### WORK REQUEST
The lines to copy run from the one containing "Jugadores versátiles del" to the end of the listing. Please write them out exactly, minus the pictures.

### DATA BLOCK
=== Begin Enclosure ===

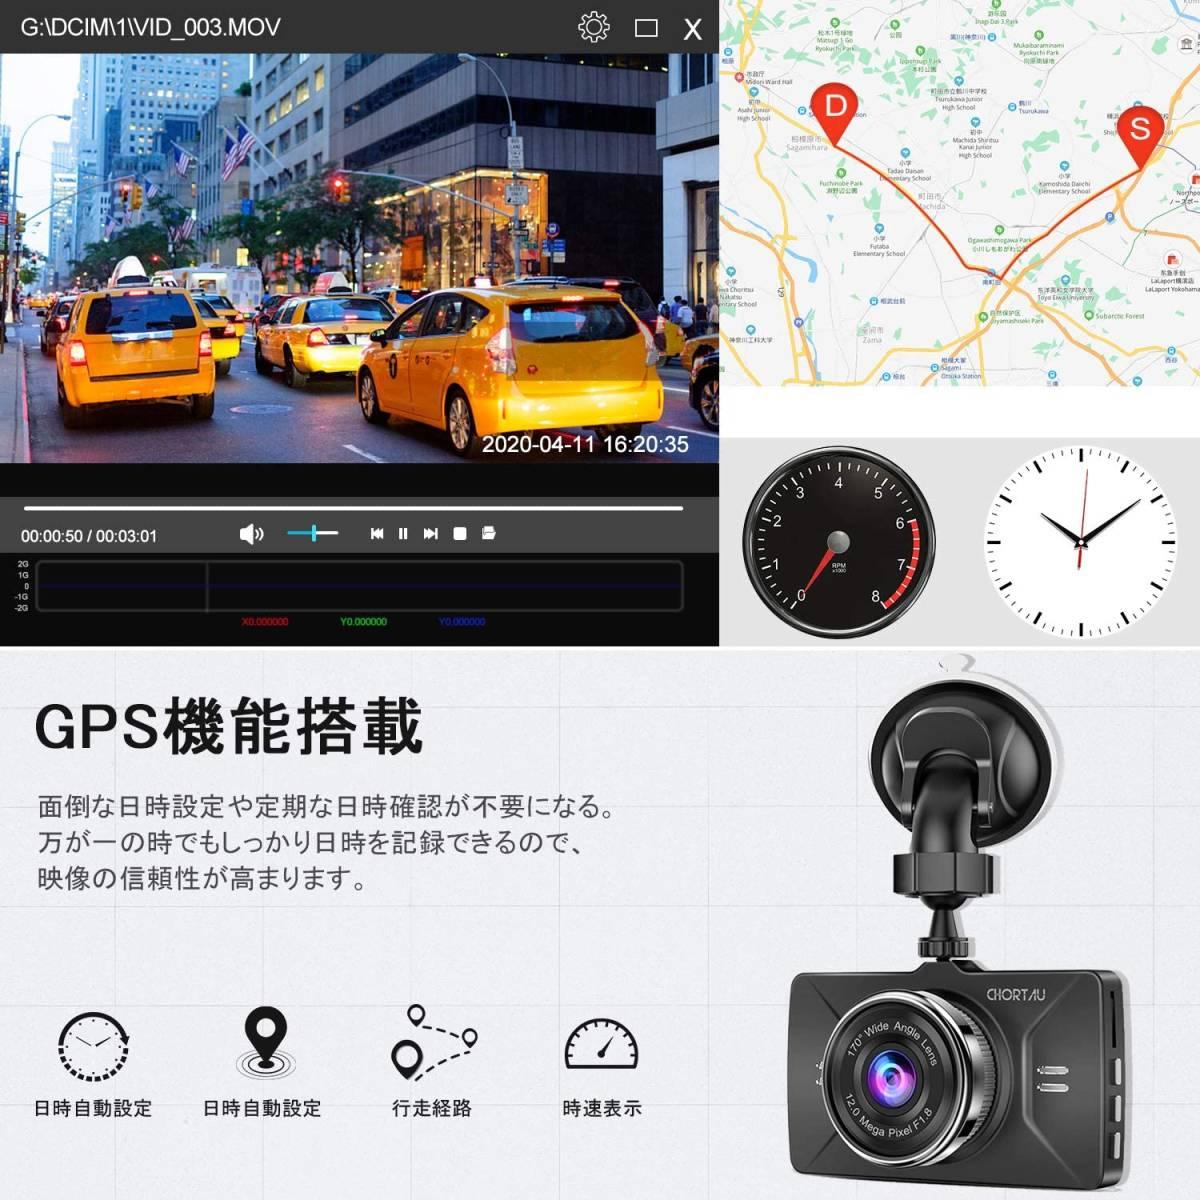 【2021進化版&GPS搭載&前後カメラ】.ドライブレコーダー 前後カメラ1080PフルHD 3.0インチ高画質 170度広角視野 常時録画 Gセンサー_画像5
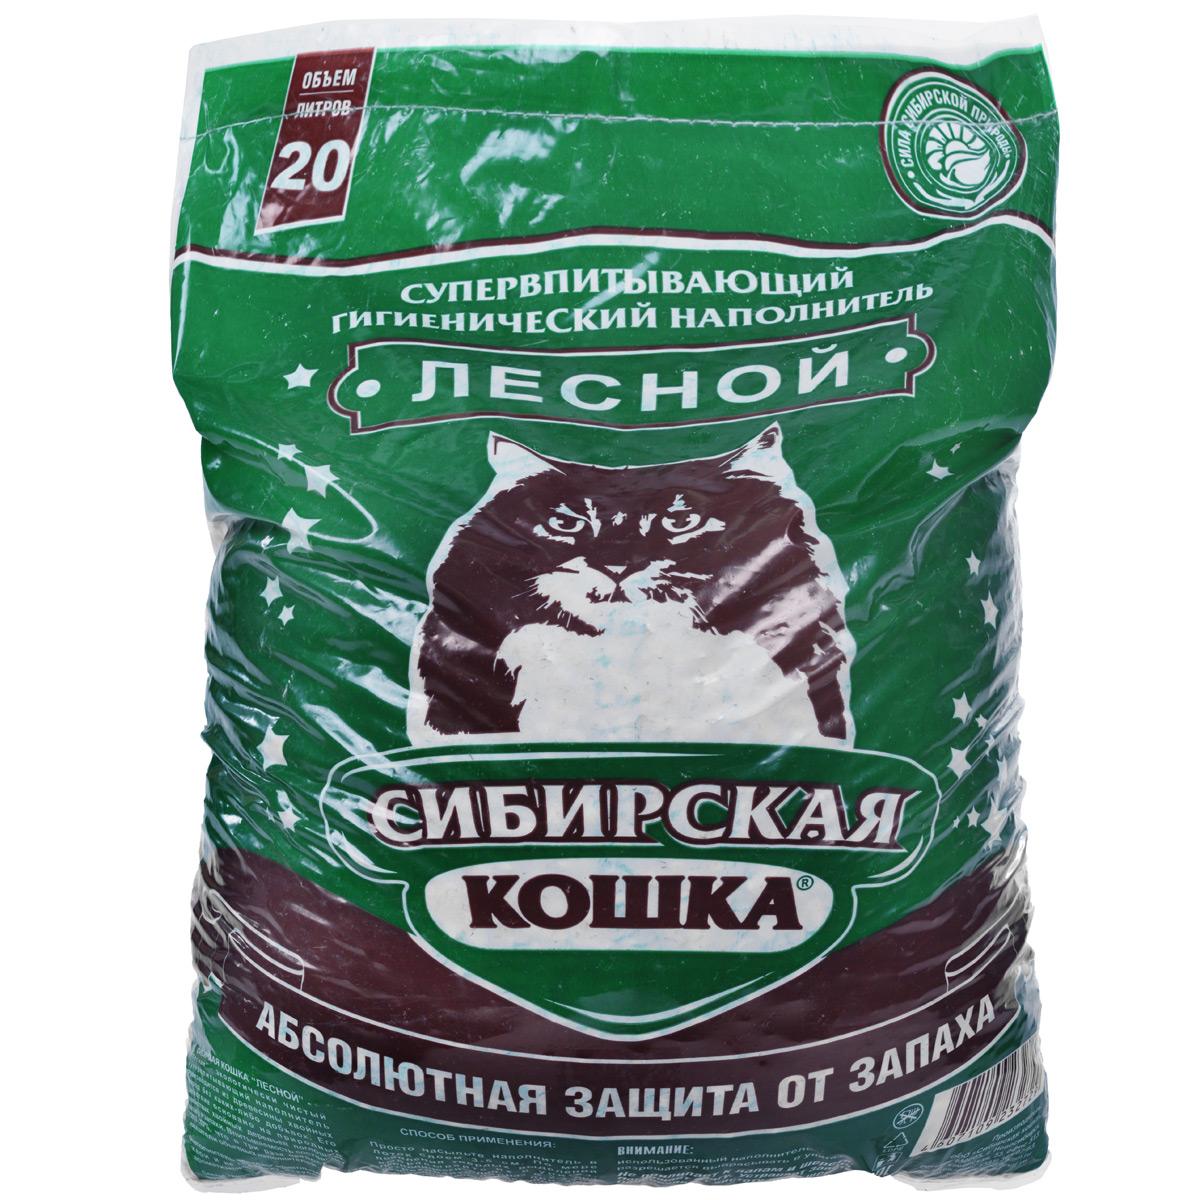 Наполнитель для кошачьих туалетов Сибирская Кошка Лесной, древесный, 20 л2729Экологически чистый супервпитывающий наполнитель для кошачьих туалетов Сибирская Кошка Лесной производится из древесины хвойных пород в отсутствии каких-либо присадок. Его действие базируется на естественных свойствах составляет 260-320%, что в 3 раза превосходит характеристики обычных наполнителей. Дезинфицирующие качества наполнителя содействуют уничтожению болезнетворных микробов. Обладает природным естественным запахом хвои. Наполнитель возможно использовать также как подстилку в клетках для кроликов, морских свинок, крыс и хомяков. Состав: древесина хвойных пород. Размер гранулы: 10 мм. Объем: 20 л. Товар сертифицирован.
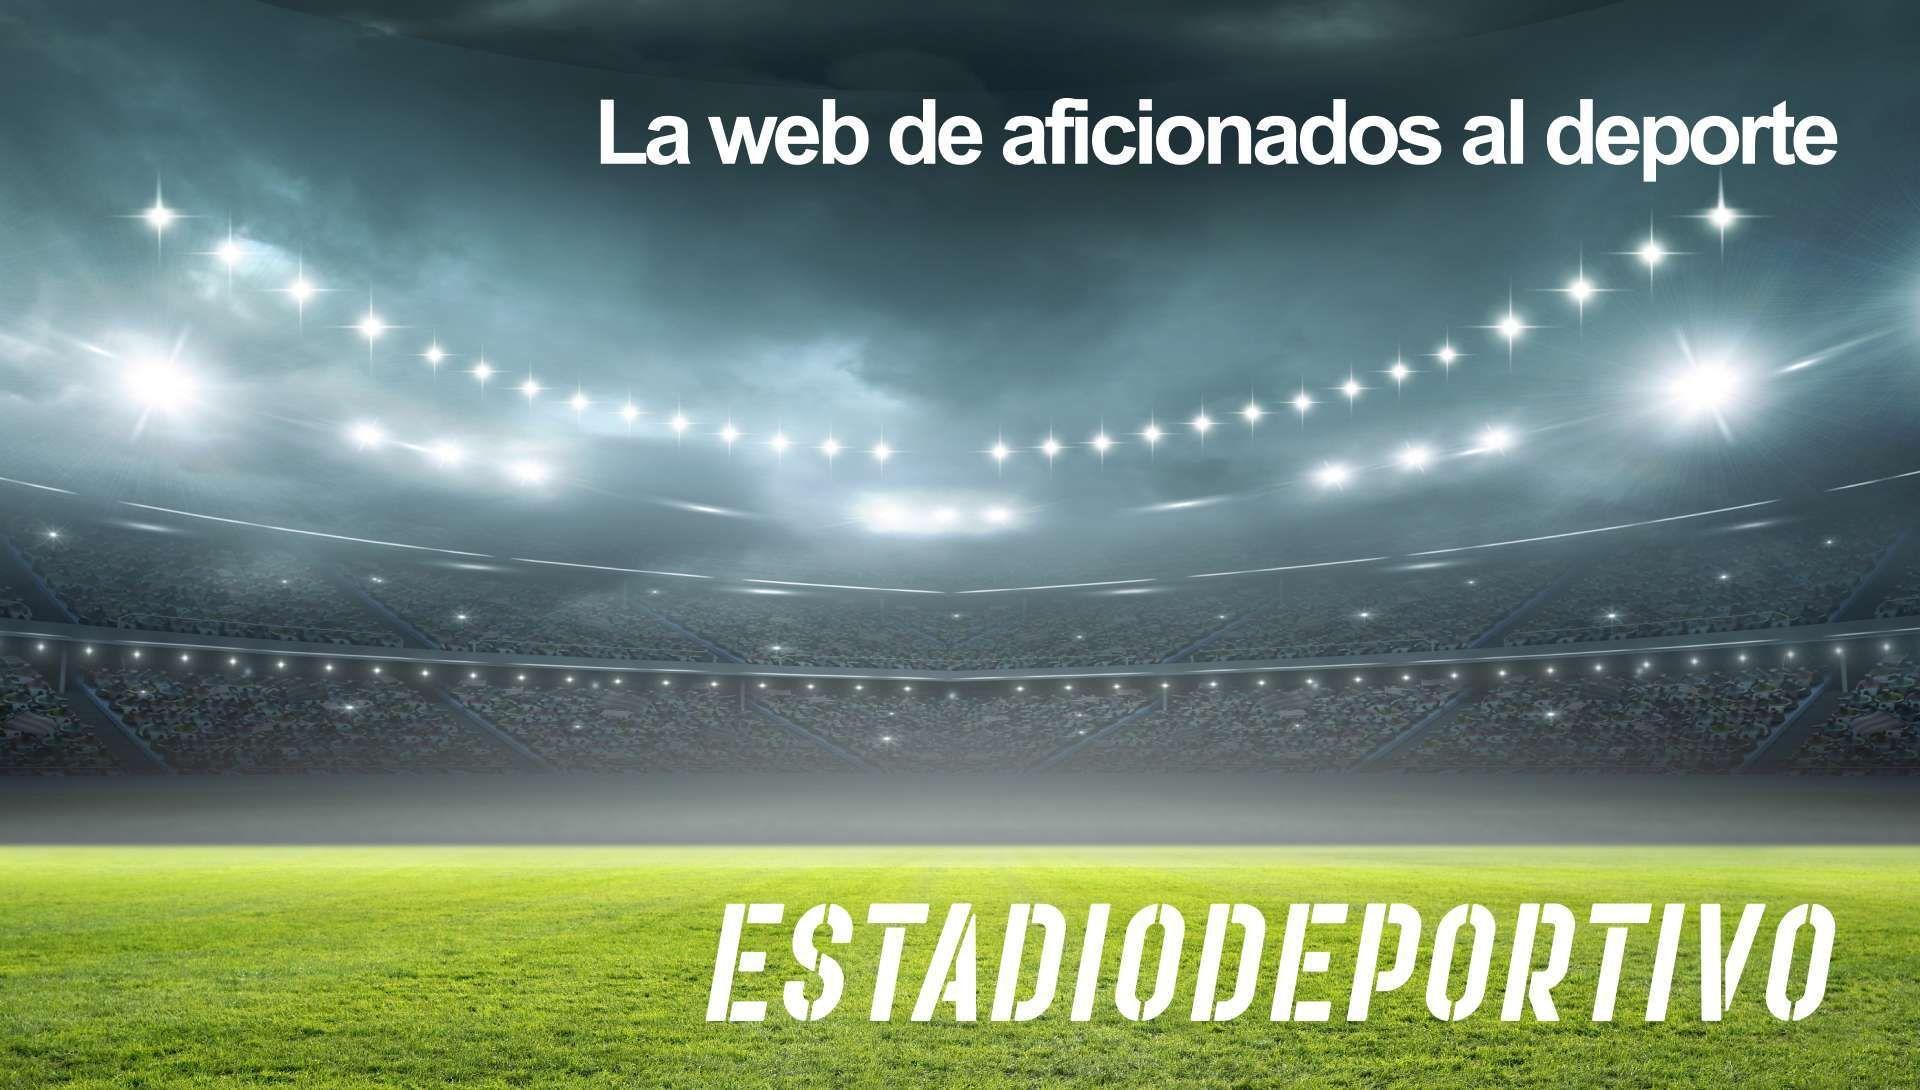 Jugadores versátiles del Sevilla FC que pueden actuar como extremos
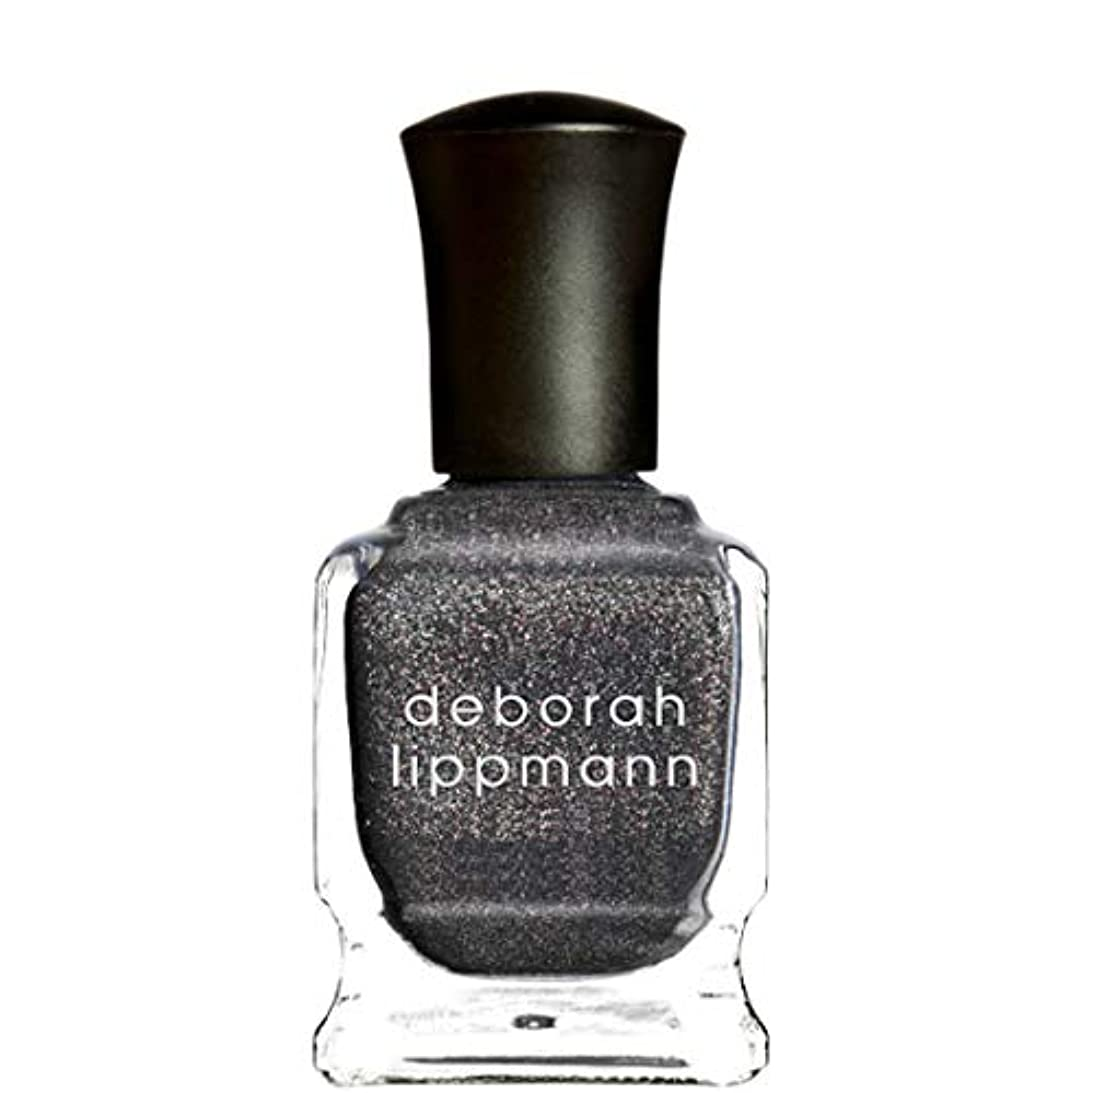 蒸必要条件試みる[Deborah Lippmann] デボラリップマン ネイルポリッシュ ジェルラボプロ ミニ 8mL (チャコールシマー) BLACK MAGIC WOMAN ブラック マジック ウーマン

=== End Enclosure ===

### RESULT FOR THIS EXERCISE
 Jugadores versátiles del Sevilla FC que pueden actuar como extremos
 蒸必要条件試みる[Deborah Lippmann] デボラリップマン ネイルポリッシュ ジェルラボプロ ミニ 8mL (チャコールシマー) BLACK MAGIC WOMAN ブラック マジック ウーマン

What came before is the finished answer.